TASK ITEM :: Write out the lines below exactly, beginning at the one with "A educação em" and stopping after the one with "English woodland during Autumn Stock Photo"; the pictures are not copied.

PROVIDED DATA ::
Segment Open

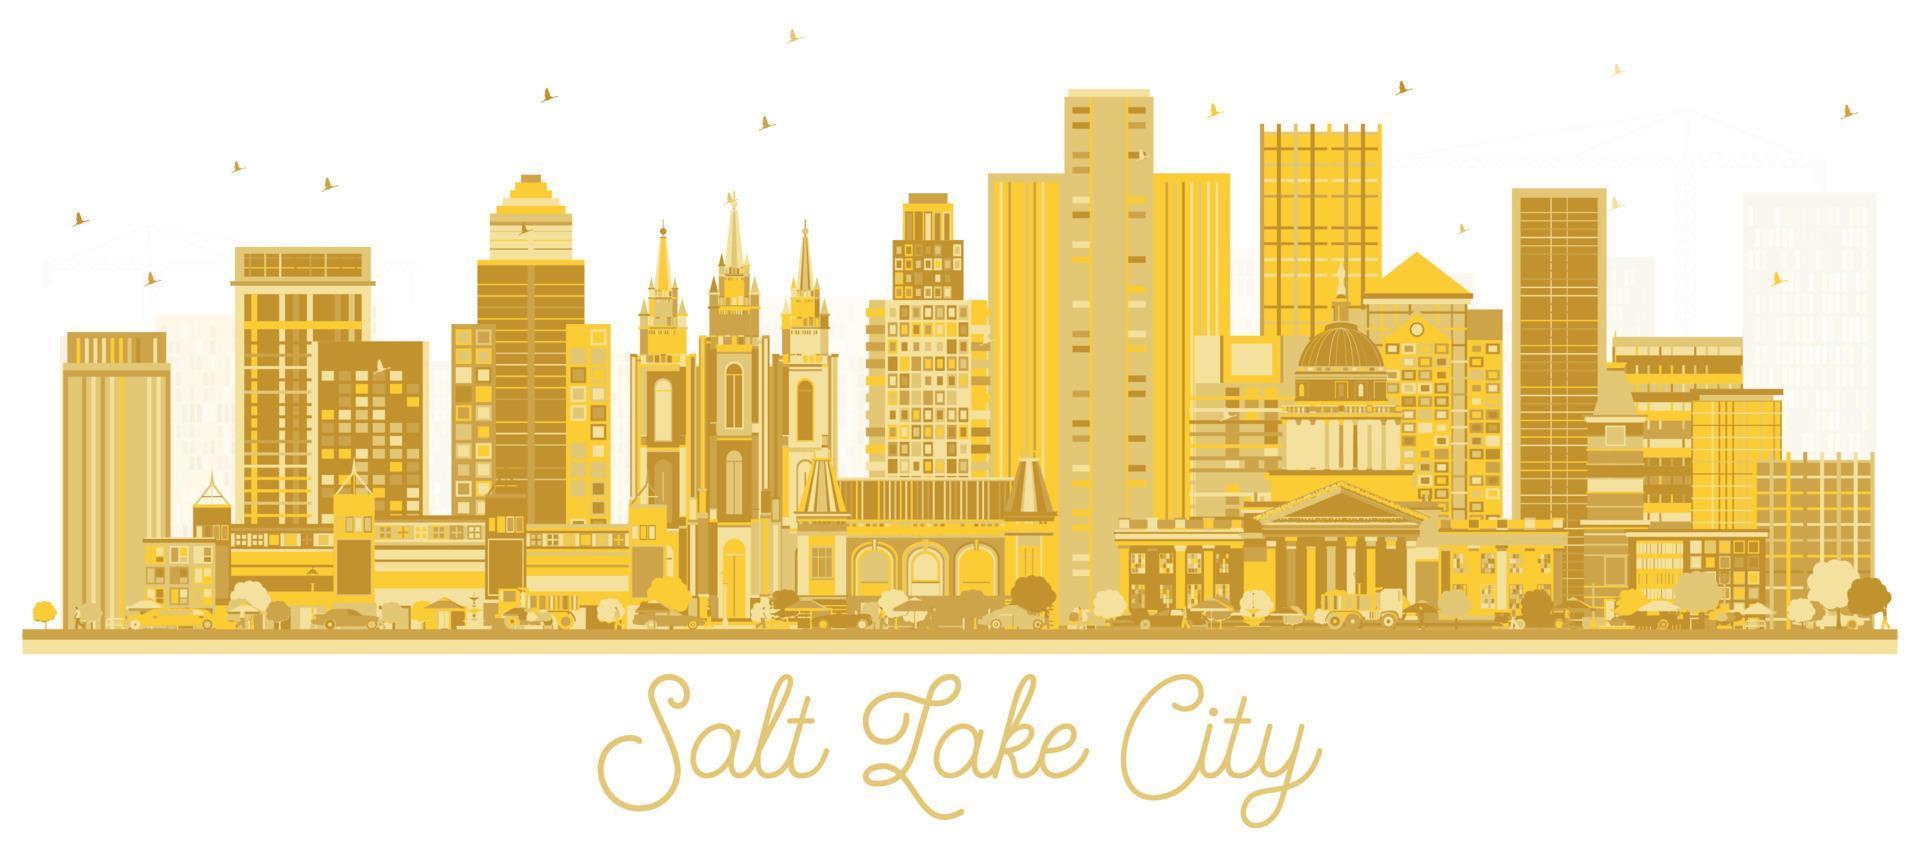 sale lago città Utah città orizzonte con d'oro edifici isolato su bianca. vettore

Segment Closed
Segment Open

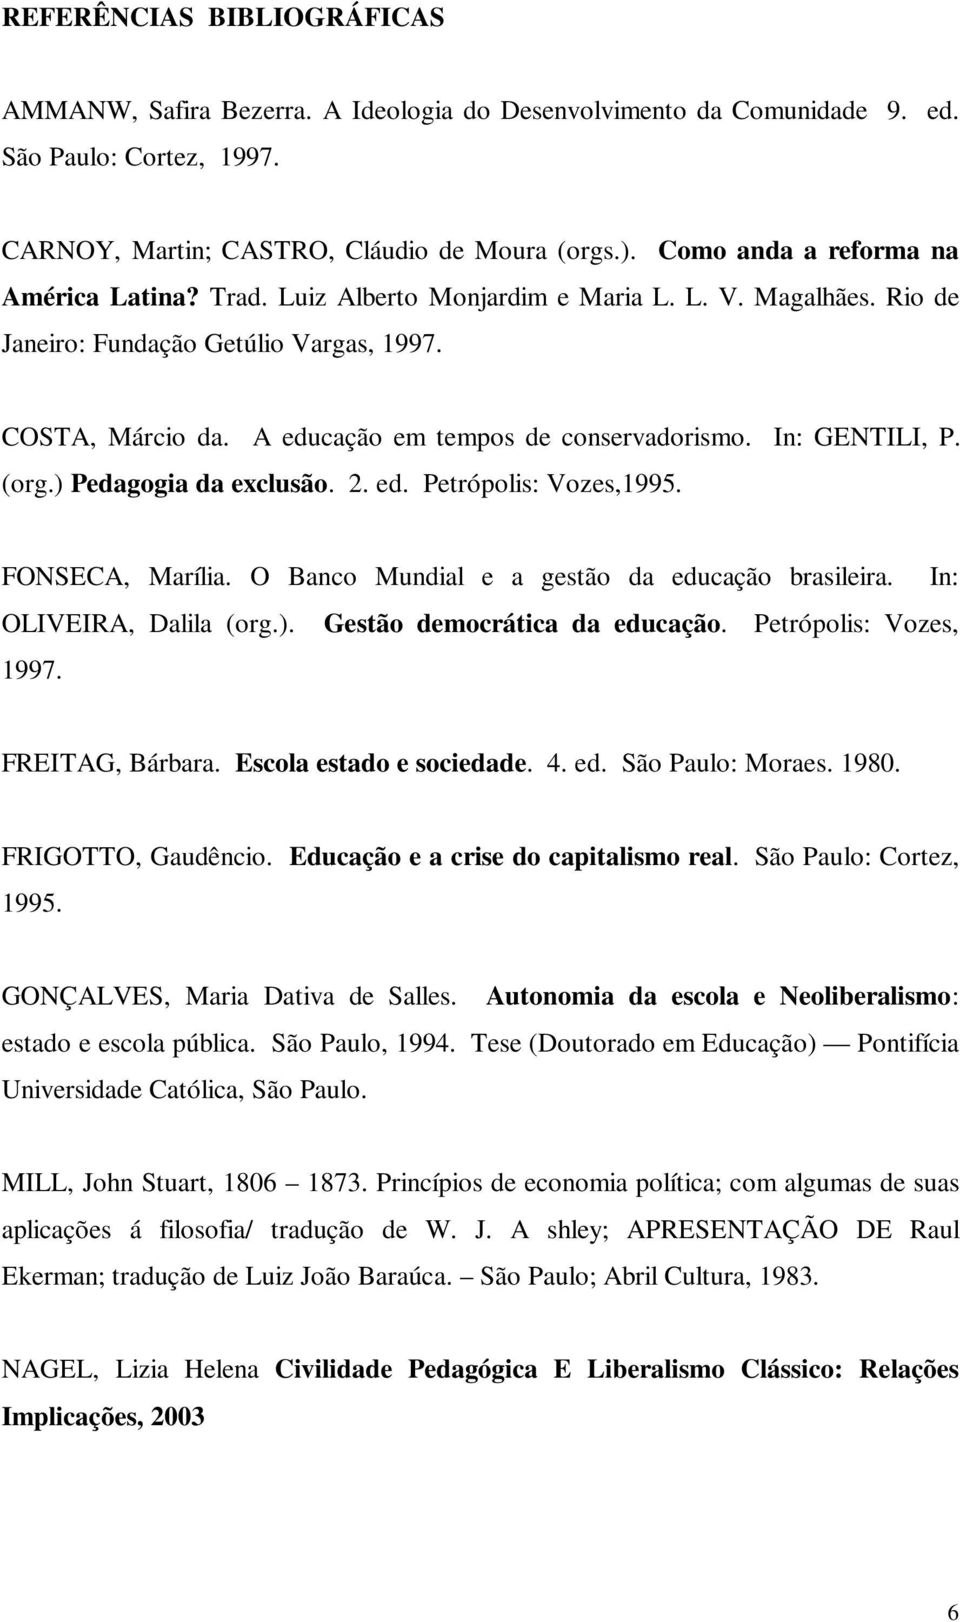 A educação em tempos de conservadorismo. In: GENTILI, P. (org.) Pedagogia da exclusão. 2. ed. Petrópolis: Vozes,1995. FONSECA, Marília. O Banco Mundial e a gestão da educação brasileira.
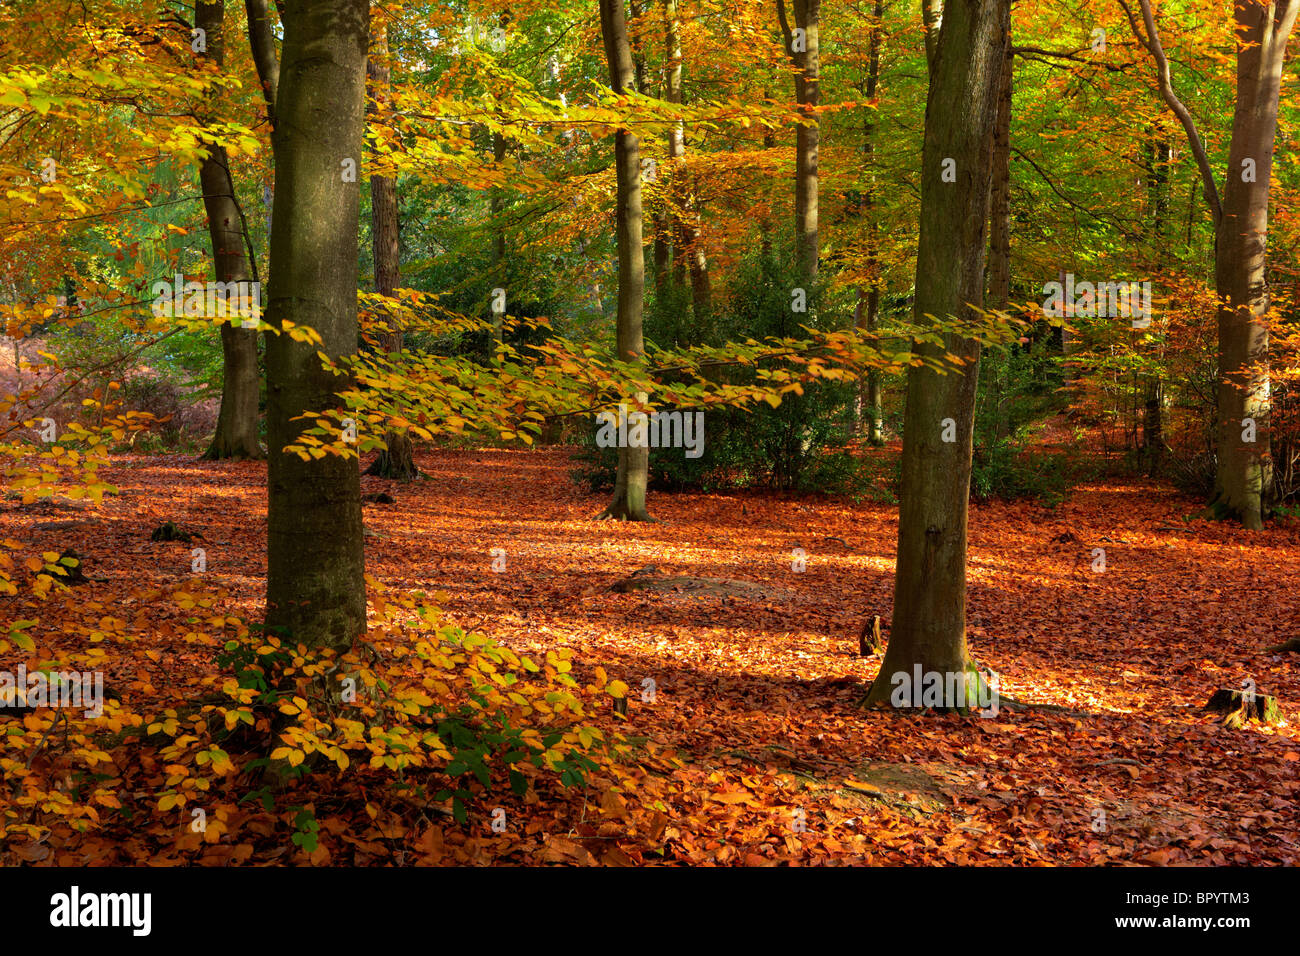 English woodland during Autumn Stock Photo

Segment Closed

RESULT BELOW ::
 A educação em tempos de conservadorismo. In: GENTILI, P. (org.) Pedagogia da exclusão. 2. ed. Petrópolis: Vozes,1995. FONSECA, Marília. O Banco Mundial e a gestão da educação brasileira.
 English woodland during Autumn Stock Photo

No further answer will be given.